0 <= len(transactions) <= 200000
0 <= len(vendor_ids) == len(states) == len(countries) <= 100000
vendor_ids are unique
Each transaction row has exactly 4 integers
0 <= transaction_time, current_day <= 10^9
0 <= transaction_dollars <= 10^9
is_purchase is either 0 or 1
Use the inclusive 730-day window: current_day - 730 <= transaction_time <= current_day

Examples

Input: ([[10, 900, 100, 1], [10, 920, 50, 1], [11, 910, 200, 1], [12, 930, 200, 1], [13, 940, 80, 1], [14, 950, 60, 1], [15, 960, 70, 1], [11, 970, 20, 0]], [10, 11, 12, 13, 14, 15], ['CA', 'CA', 'CA', 'NY', 'NY', 'ON'], ['US', 'US', 'US', 'US', 'US', 'CA'], 1000)

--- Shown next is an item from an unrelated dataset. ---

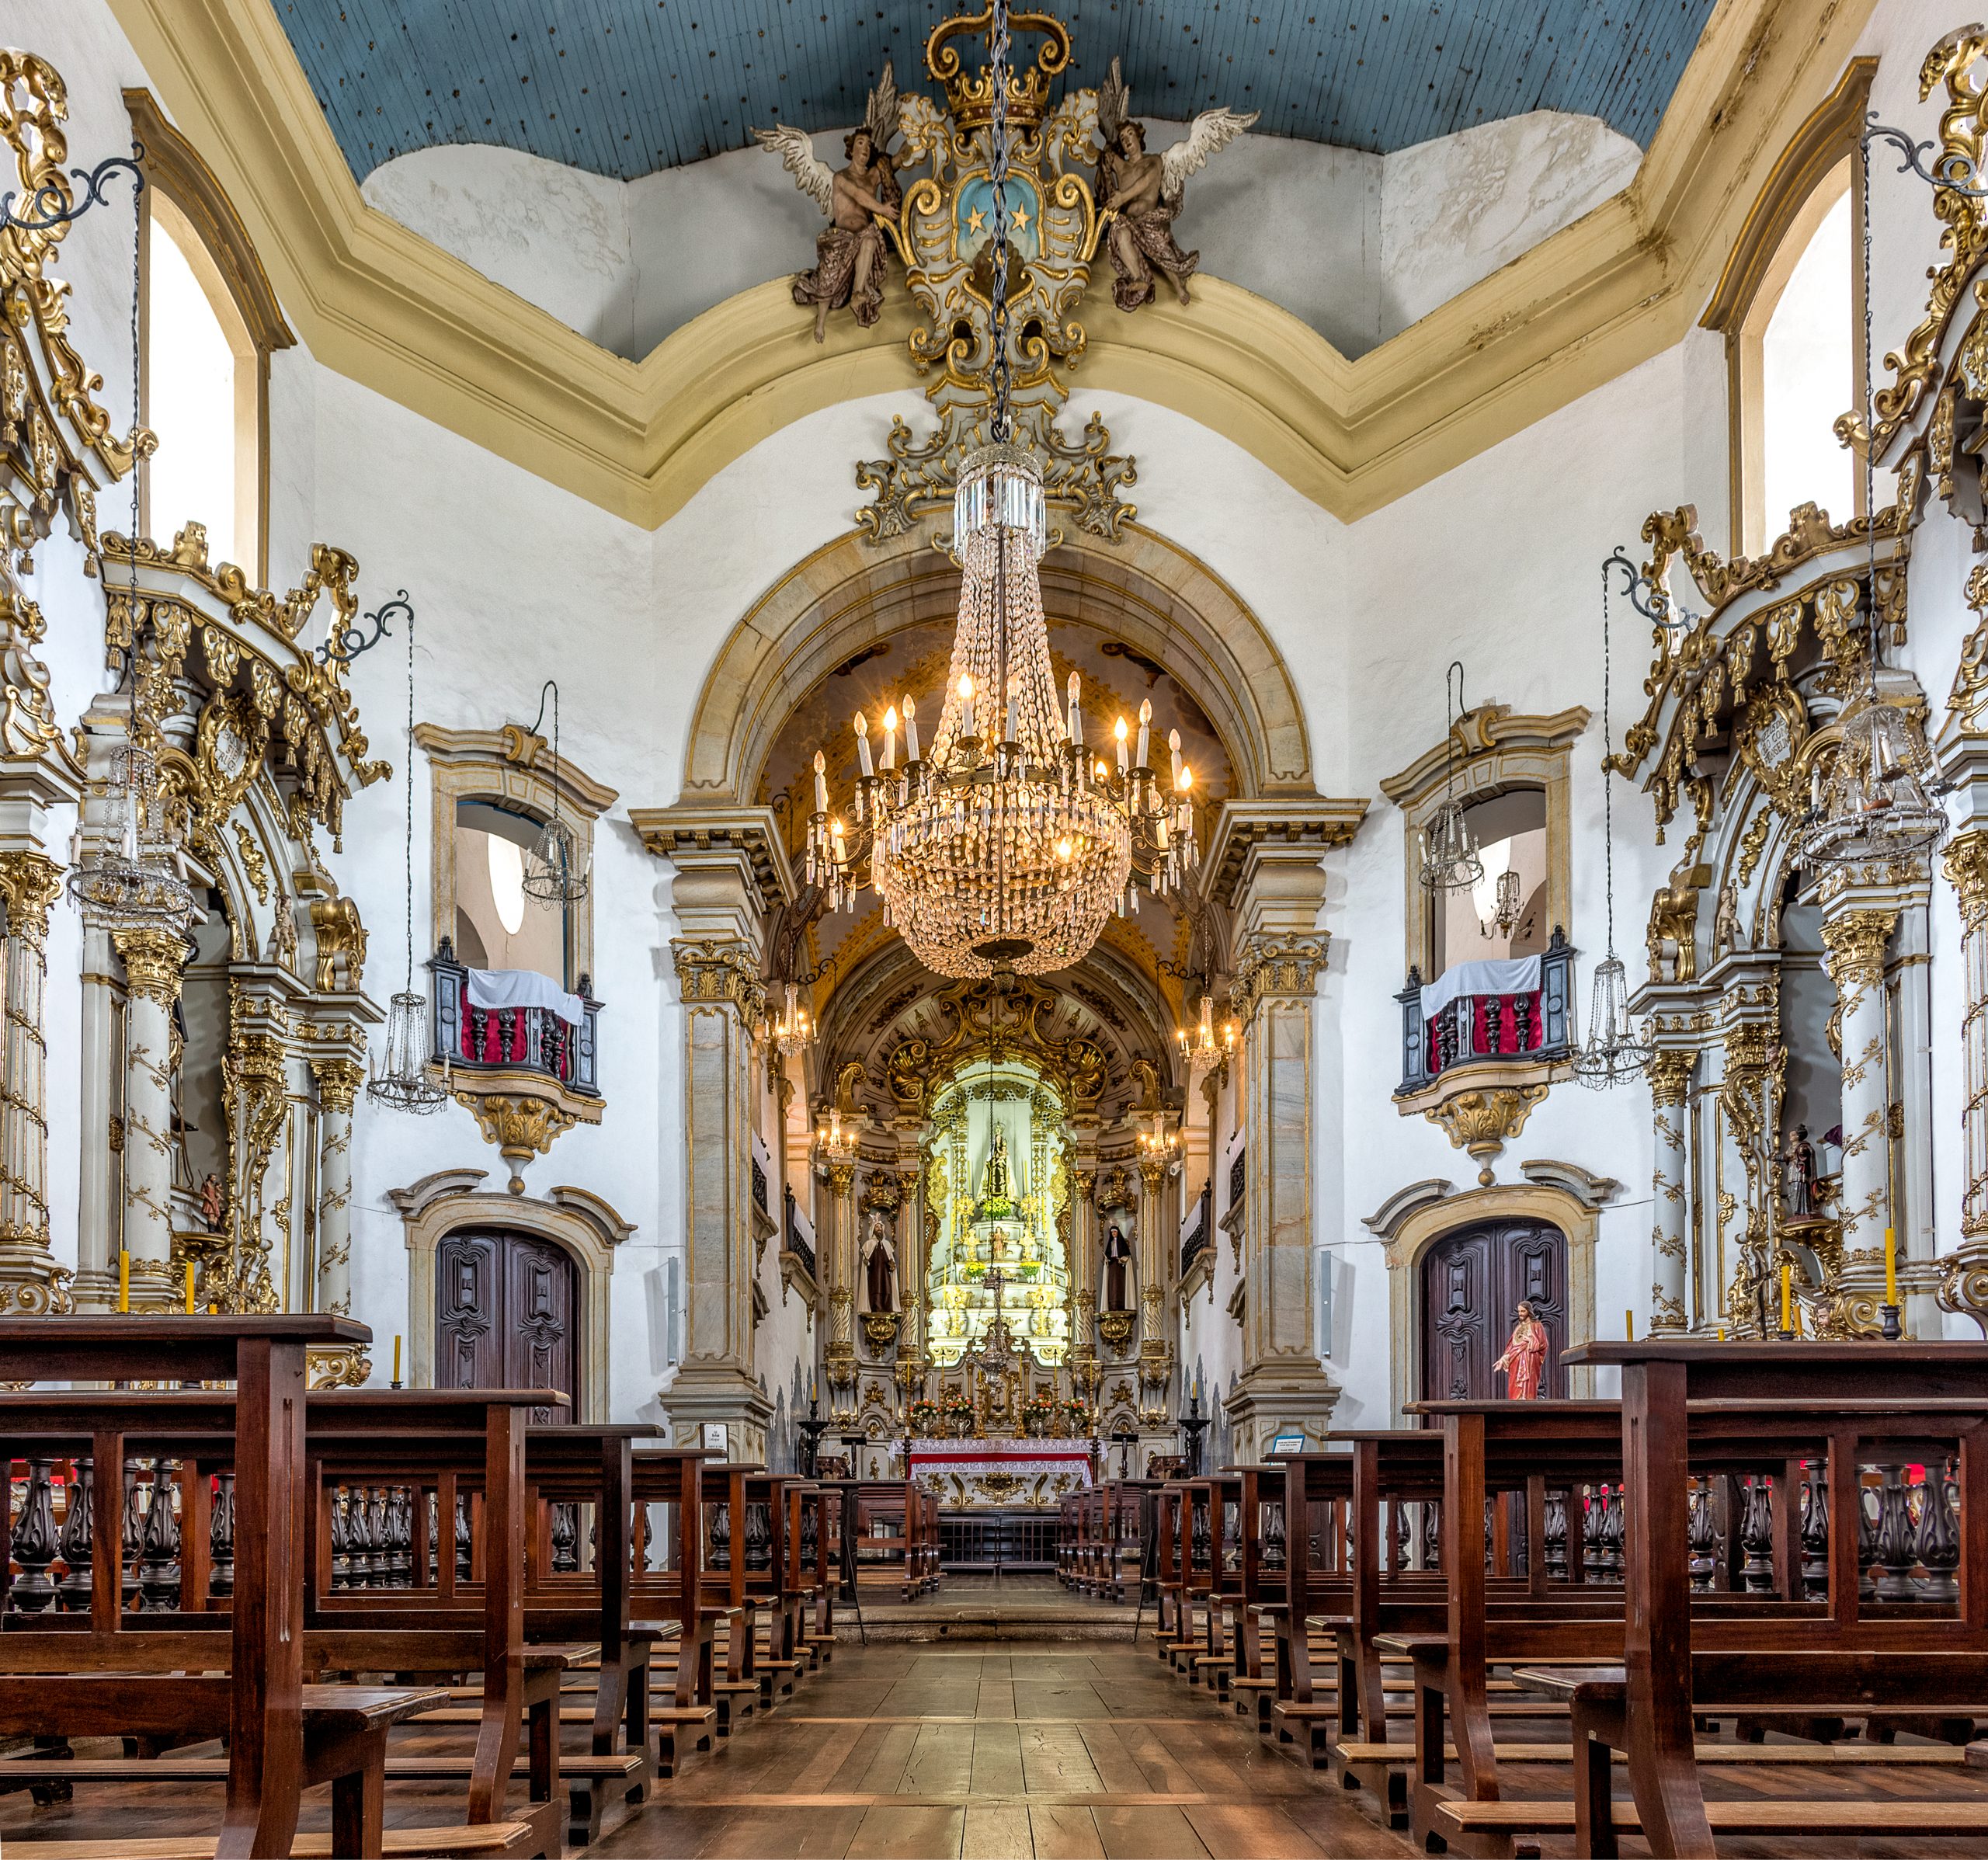 Igrejas históricas de Ouro Preto
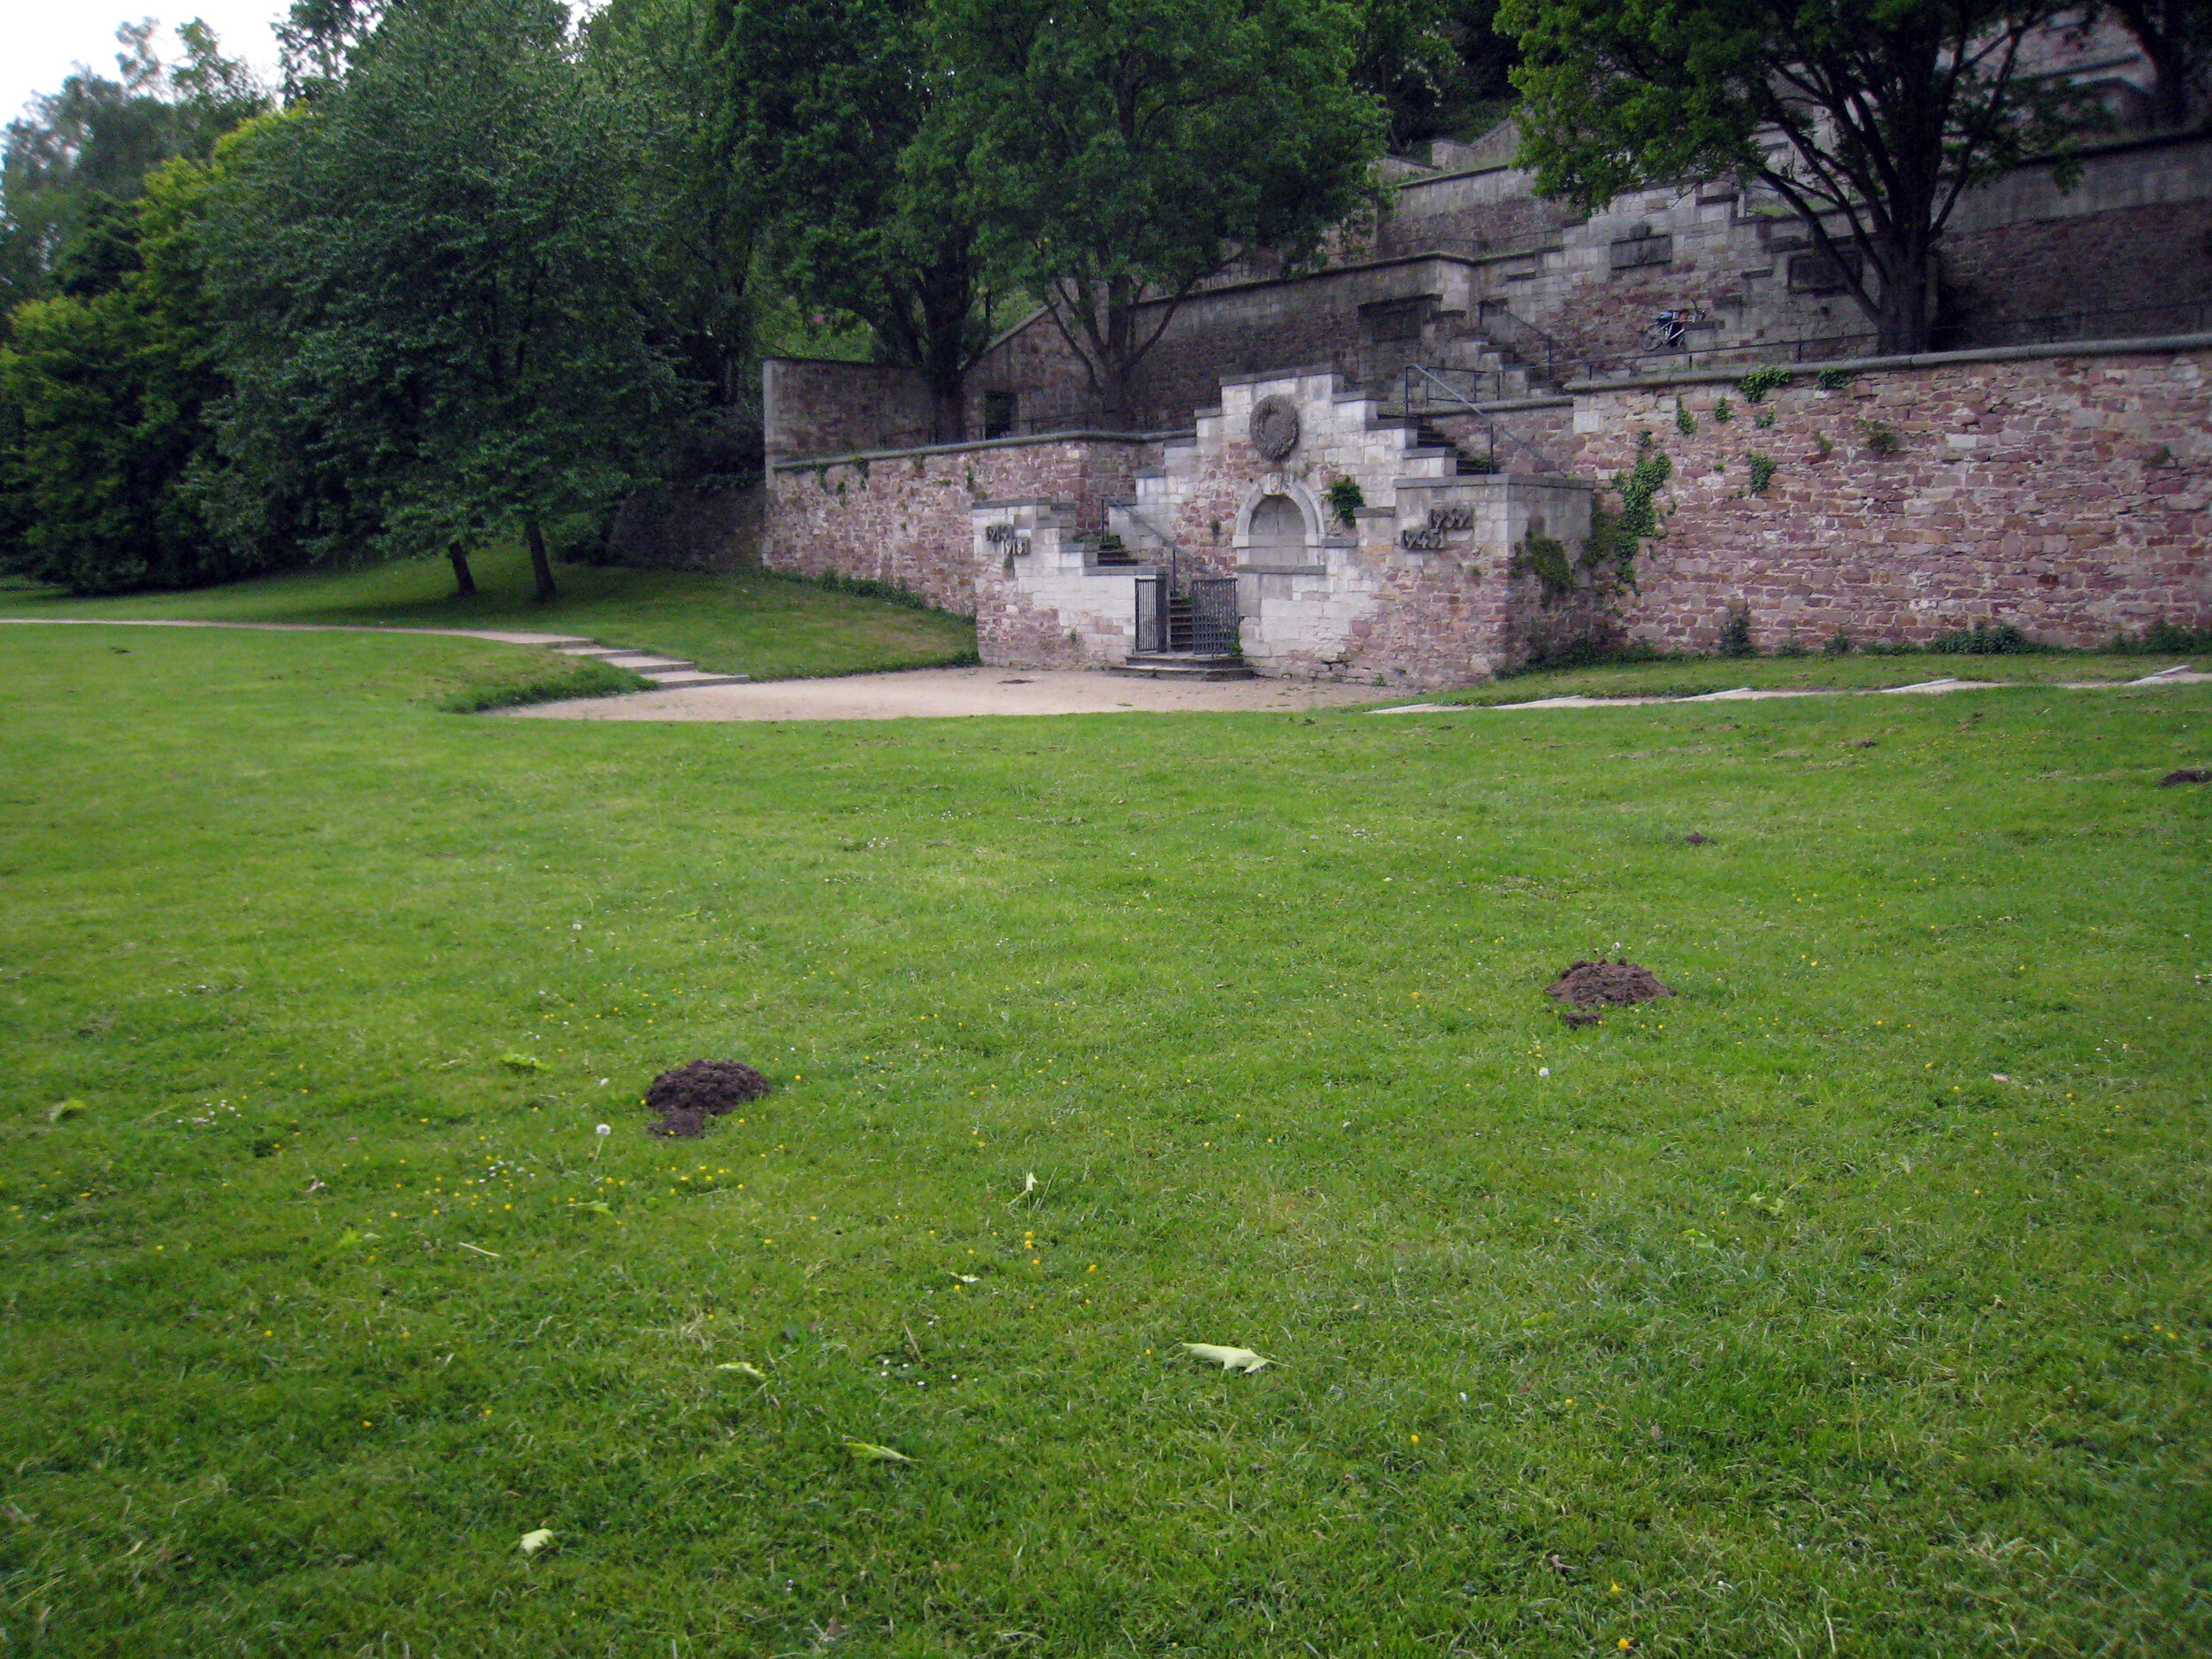  Molehills in front of a World War I memorial, Karlsaue Park.

Expected Output: [['CA', 'US', 11, 200, 1], ['CA', 'US', 12, 200, 1], ['CA', 'US', 10, 150, 2], ['NY', 'US', 13, 80, 1], ['NY', 'US', 14, 60, 2], ['ON', 'CA', 15, 70, 1]]

Explanation: In CA, US, vendors 11 and 12 tie for rank 1 with 200 each, and vendor 10 is rank 2 with 150.

Input: ([[1, 900, 100, 1], [2, 905, 90, 1], [3, 910, 90, 1], [4, 915, 80, 1], [5, 920, 70, 1]], [1, 2, 3, 4, 5], ['TX', 'TX', 'TX', 'TX', 'TX'], ['US', 'US', 'US', 'US', 'US'], 1000)

Expected Output: [['TX', 'US', 1, 100, 1], ['TX', 'US', 2, 90, 2], ['TX', 'US', 3, 90, 2], ['TX', 'US', 4, 80, 3]]

Explanation: Dense ranks are 1, 2, 2, 3, 4, so the vendor with rank 4 is excluded.

Hints

First build a lookup from vendor_id to its (state_province, country).
Aggregate totals per vendor, then group vendors by location and assign dense ranks after sorting each group by total descending.

Quick Overview

This question evaluates proficiency in SQL for analytical queries, covering aggregation, time-based filtering, joins between transactions and vendor metadata, and the use of ranking/window functions for top-N calculations.